The laws we have now are not being enforced. Police and prosecutors simply don't have the resources they need. Our criminal justice system in its present state simply can't do the job that needs to be done. The following is quoted from two recent articles in the Philadelphia Inquirer.

Philadelphia Inquirer

Sun., March 23, 2008

Article:
Pa. a favored source for gun traffickers
By Mark Fazlollah

Inquirer Staff Writer

A few excerpts:

"In Pennsylvania and other states, police and prosecutors generally haven't made straw buyers a priority."

"In Philadelphia, the police unit responsible for tracking guns is only now digging out of a 6,000-case backlog caused by inadequate staffing. The delays got so bad that judges sometimes dismissed cases because necessary lab work wasn't finished in time.

And most of the state's 67 county prosecutors didn't file any cases against alleged straw buyers in 2006 or 2007, court records show.

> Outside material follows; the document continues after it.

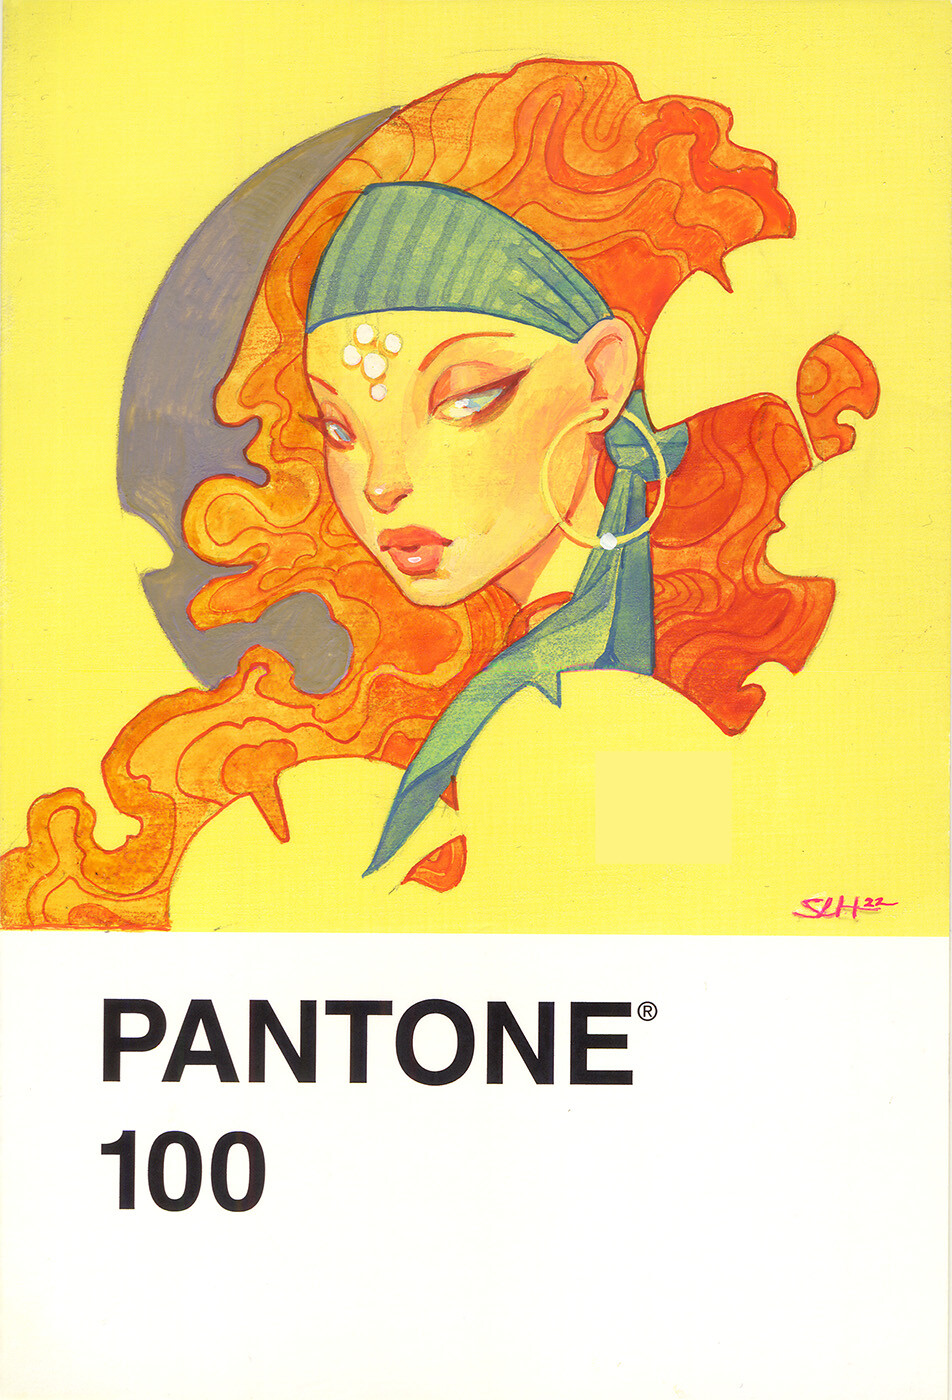 Pantone Postcard Painting Challenge 1-5 
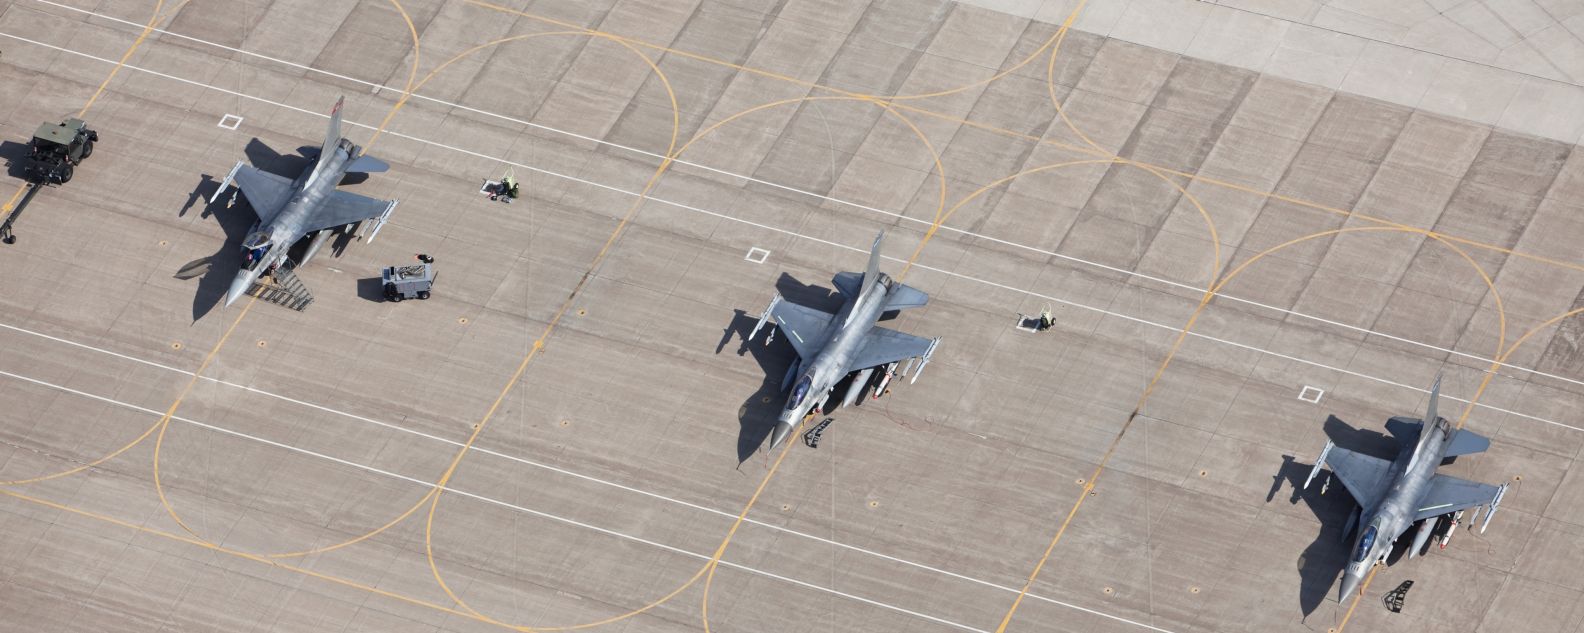 Three F-16 Fighter Jets on Tarmac Ready for Flight

In Philadelphia, Assistant District Attorney Albert Toczydlowski said his office rarely prosecuted straw buyers until recently, when the state set up a task force to focus on gun violence.

The unit is making about 10 arrests a month, only a small fraction of offenders.

Federal prosecutors in Philadelphia, who have the advantage of stronger criminal penalties, likewise file only about 20 to 30 cases a year. It's a matter of limited resources, a spokesman said."

"...when straw buyers are tracked down, their most common story is that they really bought the guns for themselves, but that the guns were stolen. It's often impossible to disprove."

"Prosecutors and agents say they could catch many more straw buyers, using existing laws, if they had more resources."



Philadelphia Inquirer

Sun, Feb. 3, 2008

Article:
Tom Ferrick Jr.: Policing alone won't solve crime problem
Justice system, high dismissal rate still a scandal.
By Tom Ferrick Jr.

For The Inquirer

Excerpted from the article:

"According to the latest data, 54 percent of the felony cases in Philadelphia are dismissed at the preliminary-hearing stage.

Some are dismissed because a judge rules there is not enough evidence to advance to a full trial. But most - nobody knows exactly how many - are dismissed because the case fails to come together: Either witnesses or the arresting officers fail to appear. Or the prosecutor is not ready. Or an important piece of evidence has not arrived.

In Philadelphia's high-volume court system, which handles more than 1,000 cases a week, preliminary hearings rarely come off as scheduled. They are postponed, and then postponed again, and then postponed again, and then dismissed by a judge who feels he must move on to other cases.

I first reported on the city's high dismissal rate eight years ago. So it is a continuing scandal, not a new one.

Federal studies have shown that Philadelphia has the highest dismissal rate of any of the nation's 75 largest counties - nearly double the national average of 24 percent. This is from data compiled by the U.S. Department of Justice in 2002, the latest year available for department researchers."